1/2 from @icanbob

“The climate only reacts to the total amount of CO2 in the atmosphere which in turn is controlled by the rate difference between CO2 sources and CO2 sinks.

So when doing climate optimization the end flow from a system chain is all that matters, not individual isolated optimizations of portions.

Furthermore, isolated optimizations often point to a false optimum whereas a full system perspective can often find a scenario with lower CO2 flow…

2/2

…“Remember all the fossil CO2 we are currently emitting was once in the atmosphere*, just not all at once. Nature sequestered this carbon over eons.

In 1975 while in my undergraduate engineering degree, I remember a professor saying that inverting a difficult problem and looking at things from the opposite end often yields hidden solutions. This paper is written with this perspective in mind.”

*Update: see Pieter’s reply below

https://energyasicit.ca/CarbonGrid/

@urlyman Not really true. The coal layers are mostly from the Carboniferous era (360 till 300 miljon years ago), when there were few organisms that could digest wood.

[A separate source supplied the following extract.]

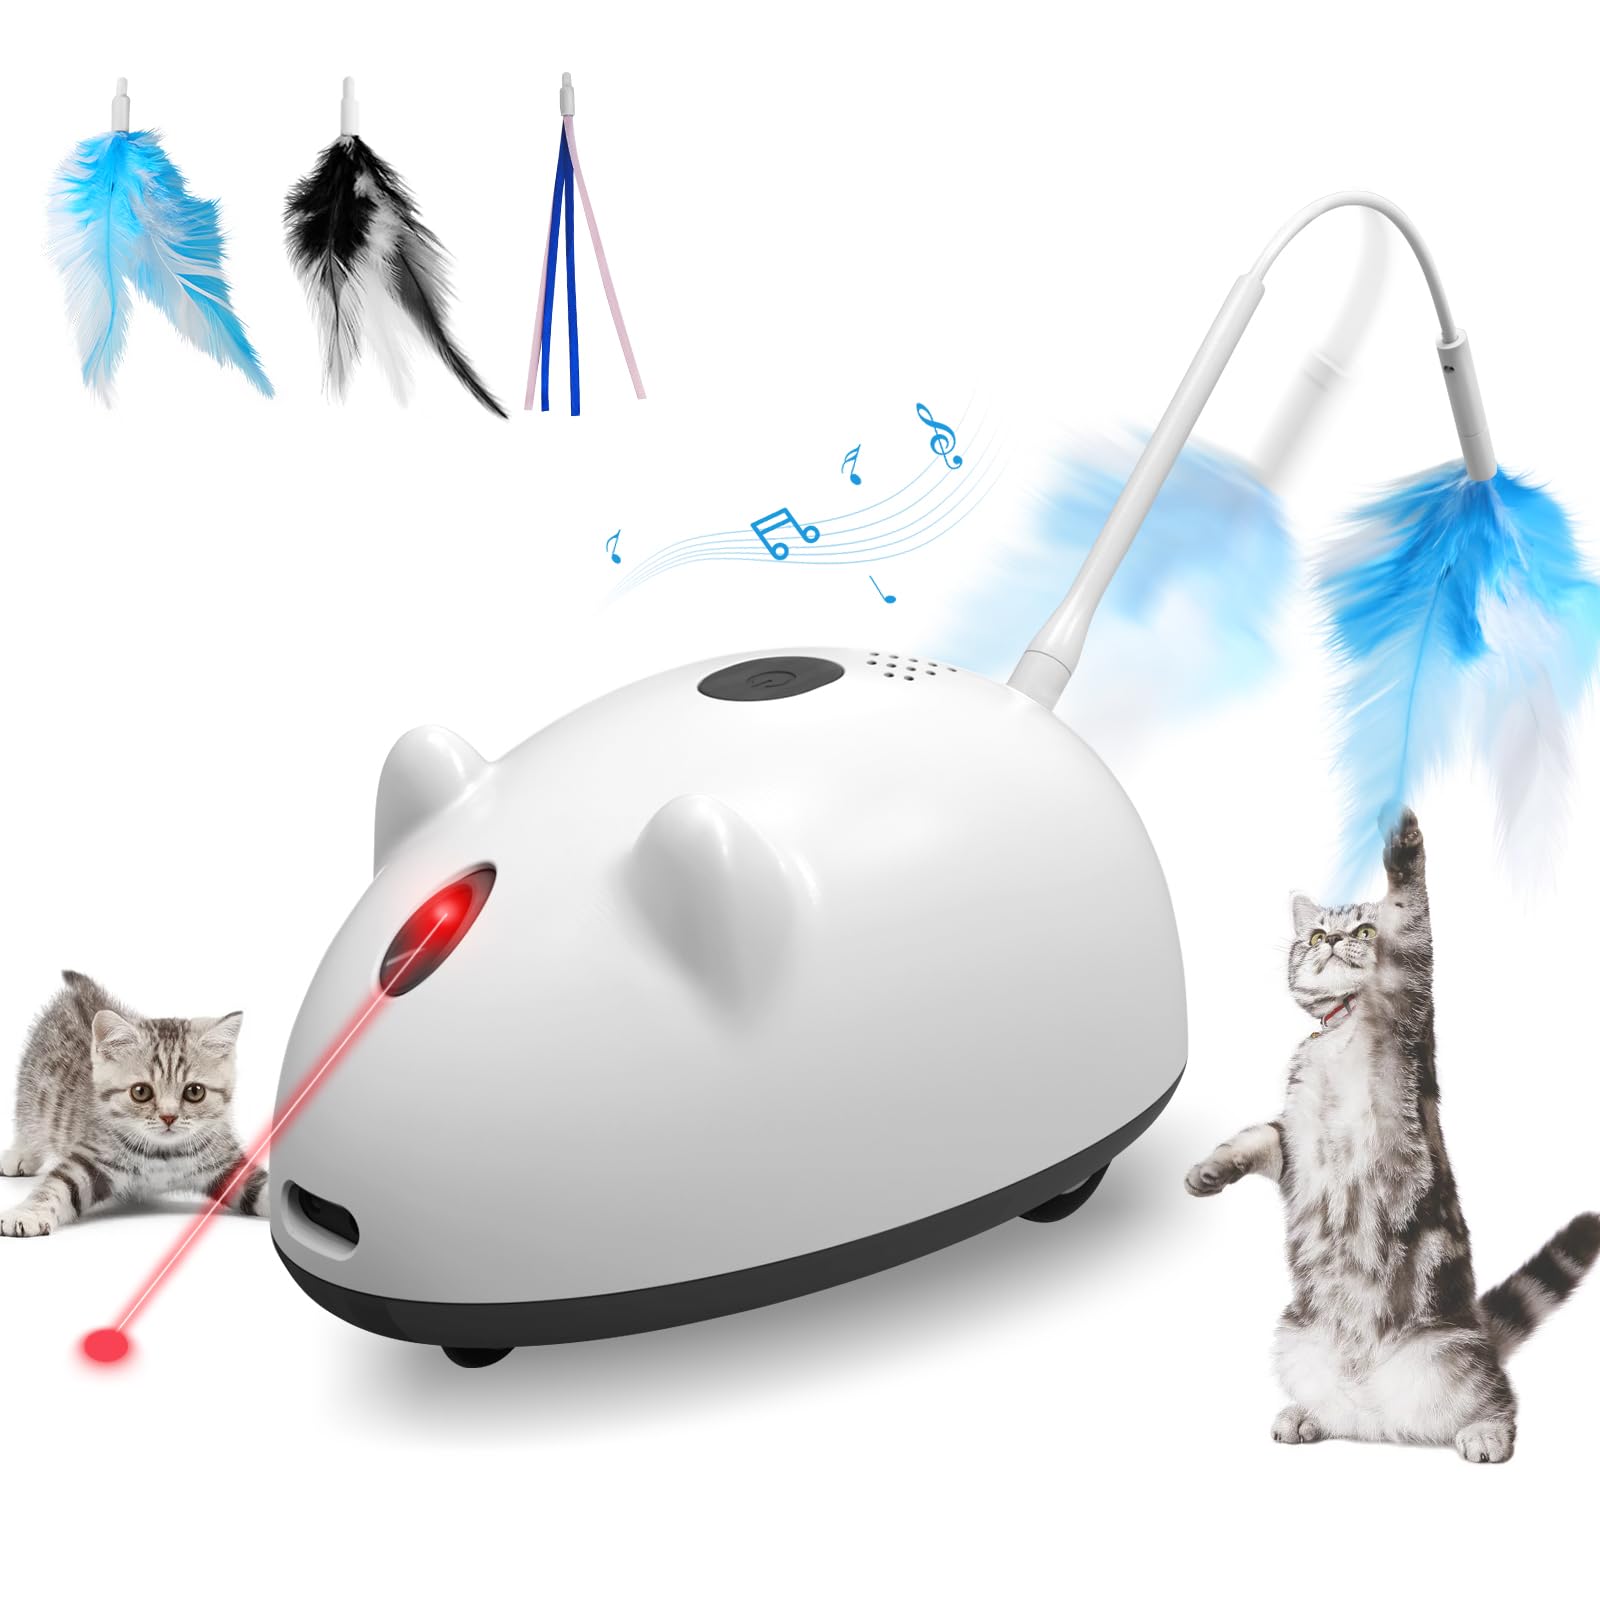 電動ネズミ 猫 玩具 自動 レッドポインター LEDライト ねずみの鳴き声 猫じゃらし ランダム移動 Type-C充電 障害物回避 3段階調節 最大6時間連続使用 ストレス解消 運動不足対策

https://en.wikipedia.org/wiki/Carboniferous

Carboniferous - Wikipedia

@urlyman @pietkuip CO2 in air + H2O + solar energy => wood => coal. Not quite sure how coal being from that period (or lack of wood recycling organisms) negates my sentence.

@icanbob
I commented only that sentence, and I did not have much context to interpret it. But it seemed to say that carbon sequestration has not changed much.

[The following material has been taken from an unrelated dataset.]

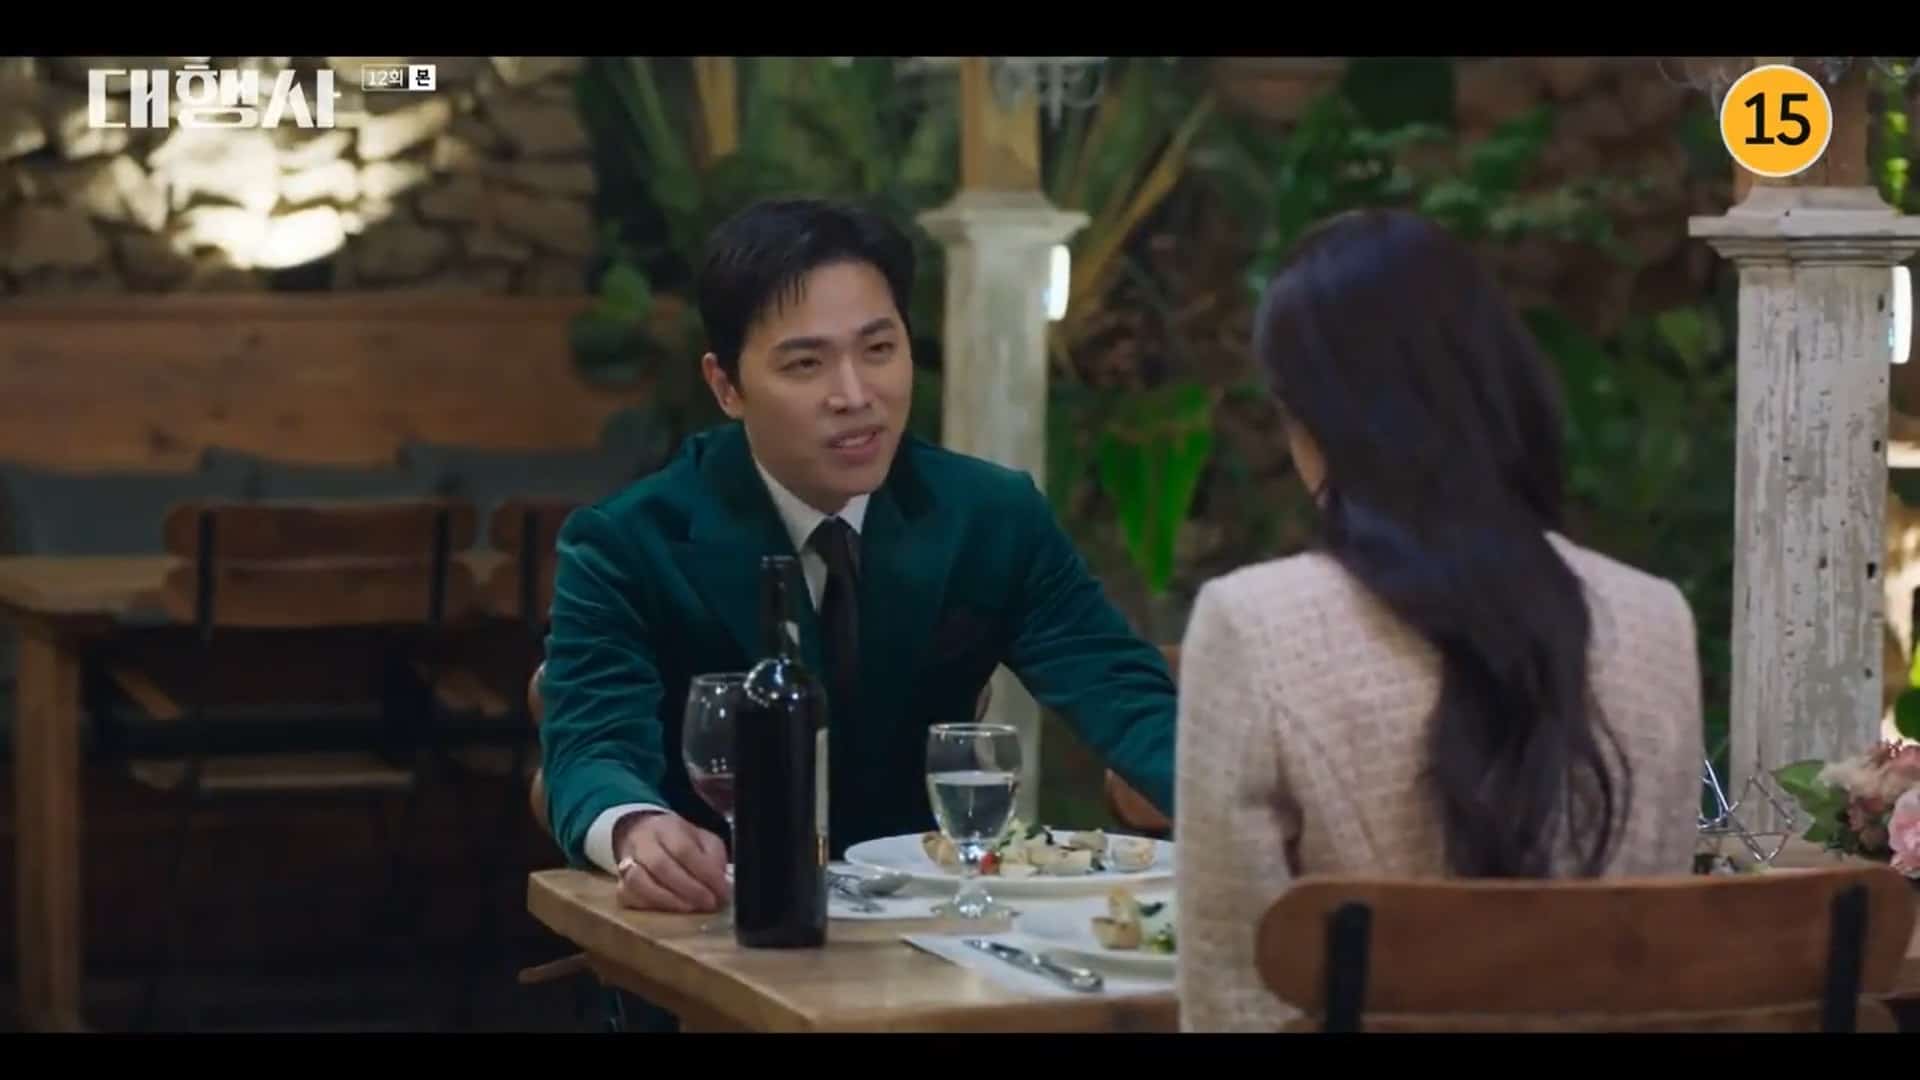 Ha Na's Blind Date

The problem is that carbon capture and storage is now much more difficult than fossilization during the Carboniferous era. We must really stop burning fossil fuels because it is almost impossible to put it back.

@urlyman

@urlyman @pietkuip My musing didn’t have anything to do with CO2 sequestration. Rather I was pondering how to price CO2 in a systemwide way that could actually incentivize real reductions.